B.Whether the revised Act is not to be applicable to the complainants permanently or not

Notwithstanding, for the matter of the scope of protection of the complainants' confidence in previous laws, we found that the legislature has discretion in enacting laws for certain professional qualification such as the one for becoming a judge. In addition, considering fairness between the complainants and the persons who would be able to become a judge only after completing certain period of holding office required by the revised statute, it shall not be

deemed that the revised statute must not be perpetually applied to the complainants only based on the fact that they entered the Judicial Research and Training Institute prior to the revision of the Court Organization Act.

Thus, with respect to the protection of confidence in laws for the complainants having position of trainee of the Judicial Research and Training Institute as of the time of revision of the Court Organization Act, the complainants shall be given at least one opportunity to become a judge right after completing the course of the Institute as heretofore. Therefore, the Instant Provisions are against the principle of protection of confidence in law so long as they do not give that opportunity to the complainants.

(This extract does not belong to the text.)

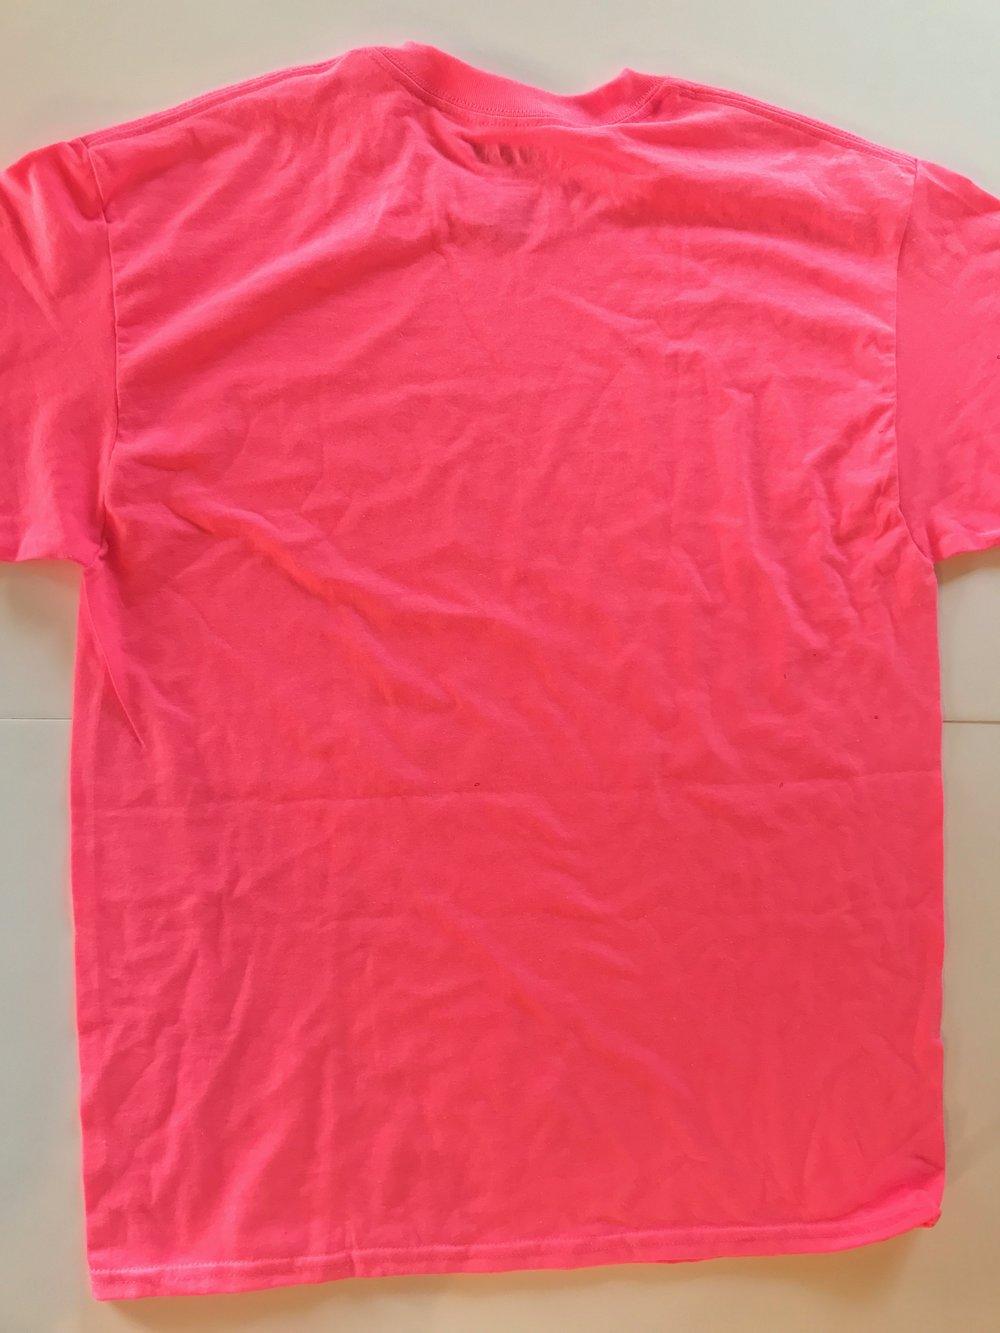 Easy T Shirt Apron Bib or Smock   Peonies and Cream

In conclusion, so far as they are applied to those who had already been enrolled in the Judicial Research and Training Institute on July 18, 2011 when the Court Organization Act is revised, the Instant Provisions violate the principle of protection of confidence in laws and thus infringe on the complainants' right to hold public office.

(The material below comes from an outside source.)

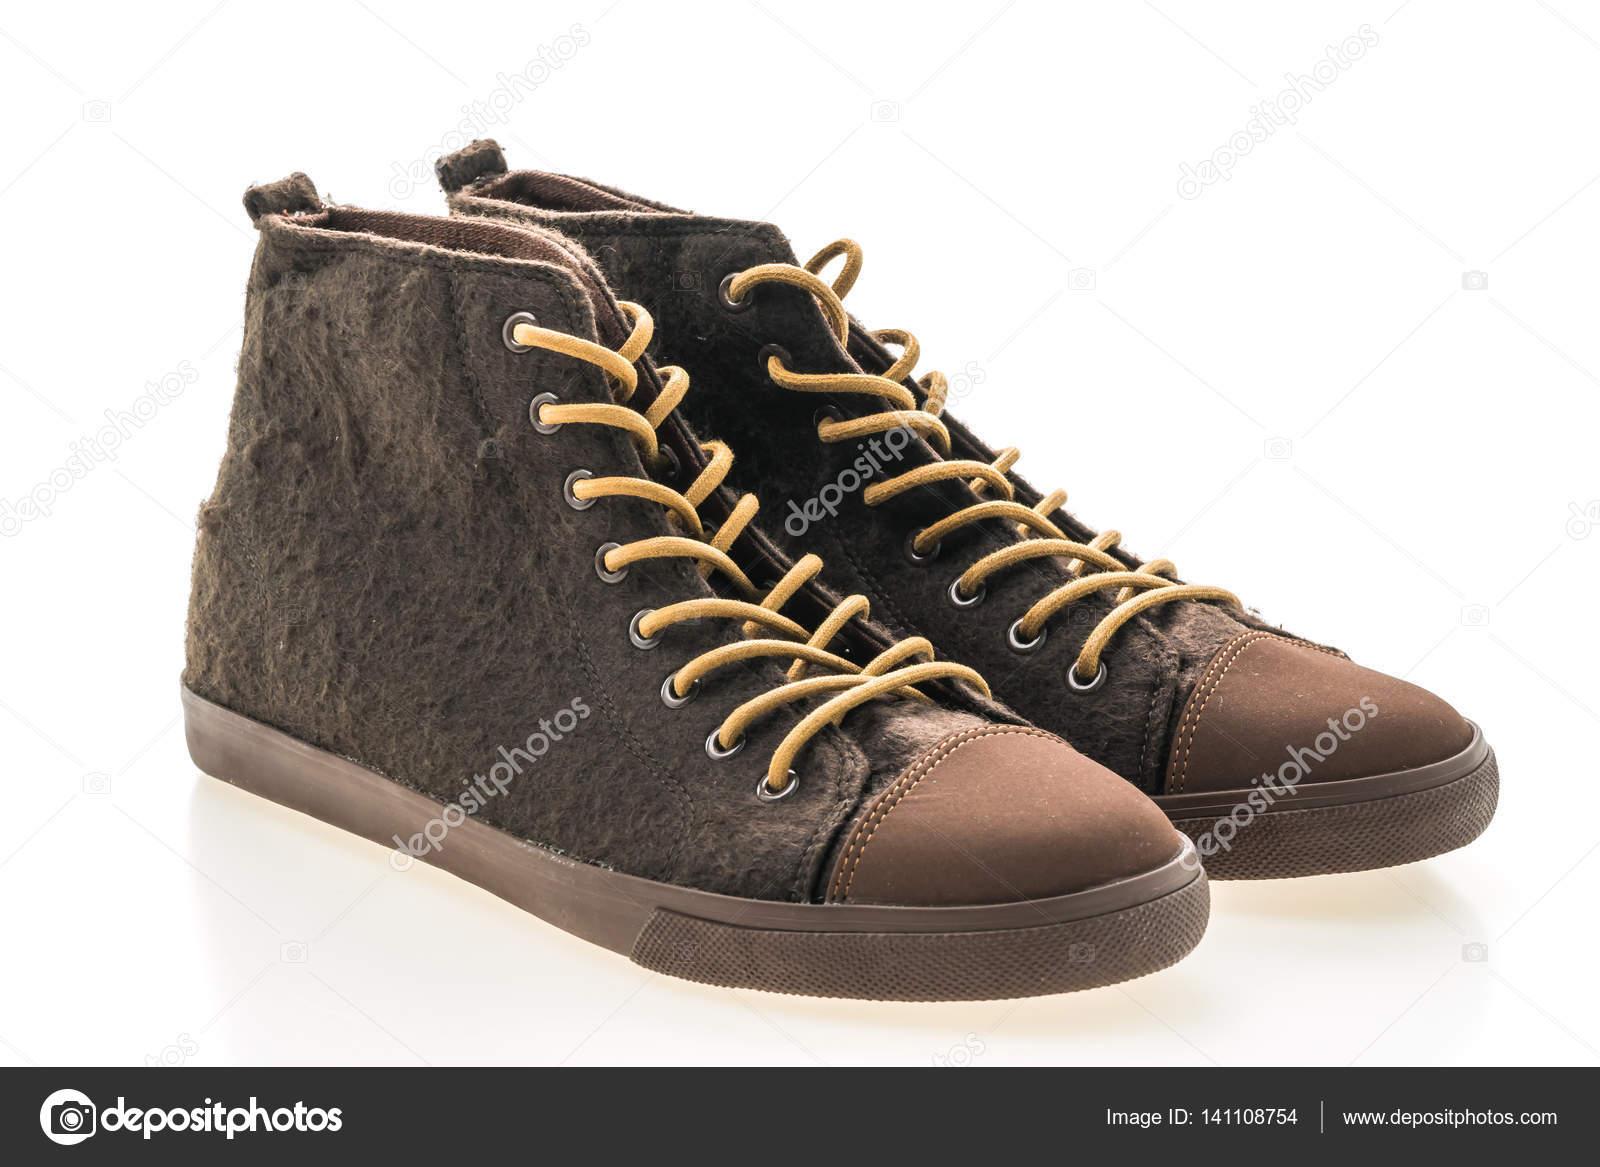 1ecc8dfce92 Μοντέρνα παπούτσια μόδας — Φωτογραφία Αρχείου © mrsiraphol #141108754

2. Dissenting Opinion of Three Justices

Given our judge appointment system where the trainees of the Judicial Research and Training Institute have become a judge immediately after completing the course taught in that Institute was just a choice of the legislature taking account of lack of manpower resources in legal profession and recent 10 year changes where only a small percentage of people having completed that course of the Institute have become a judge, we found that the complainants' confidence in that system has not been provided by the legislation but has been created by themselves through making use of that opportunity reflexively granted.

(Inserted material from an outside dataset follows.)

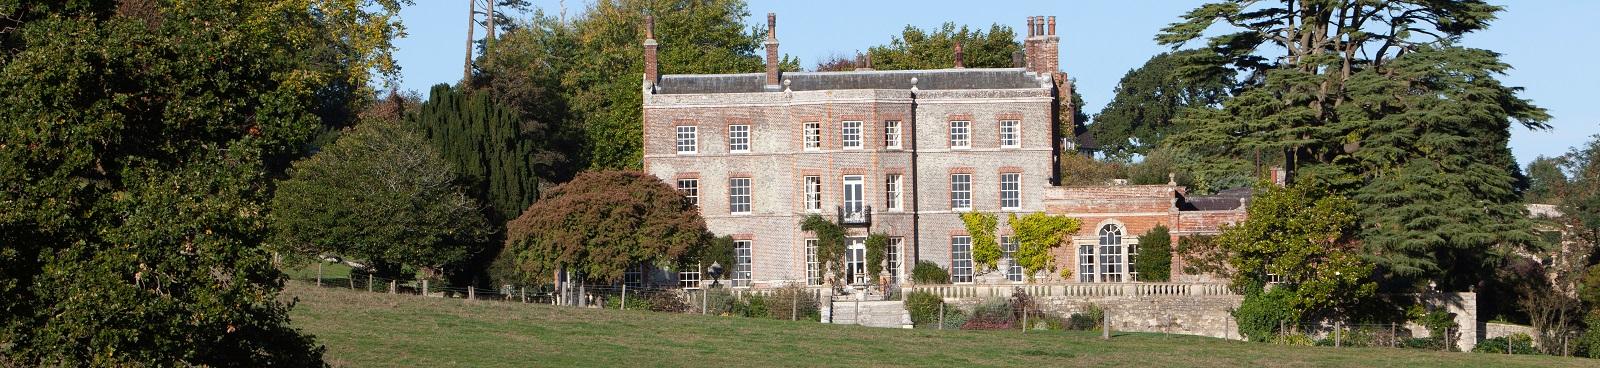 Nunwell House East Wing

In our view, the changes in qualifications for becoming a judge

requiring certain period of experience was fully anticipated: even considering the details of revision of the Court Organization Act at issue, the revision of the laws and regulations with respect to qualifications of becoming a judge has underwent the process of publicity for at least 10 years; the legislature has broad discretion in enacting statutes regarding such qualifications pursuant to Article 101 Section 3 of the Constitution. Furthermore, we cannot find that the complainants' confidence in laws is worthy to be protected.

Moreover, the disadvantages to be suffered by the complainants are not likely to be so great because there is no restriction on the complainants to have other occupations rather than becoming a judge and only three years of legal experience are required to become a judge, while the public interest in reinforcing the protection of people's basic right and enhancing people's trust in the judiciary by appointing and making judges having legal experience make decisions on cases is significant. Therefore, for the reasons stated above, it shall not be considered that the damage on the complainants' interest in the confidence in laws outweighs the public interest pursued by the Instant Provisions.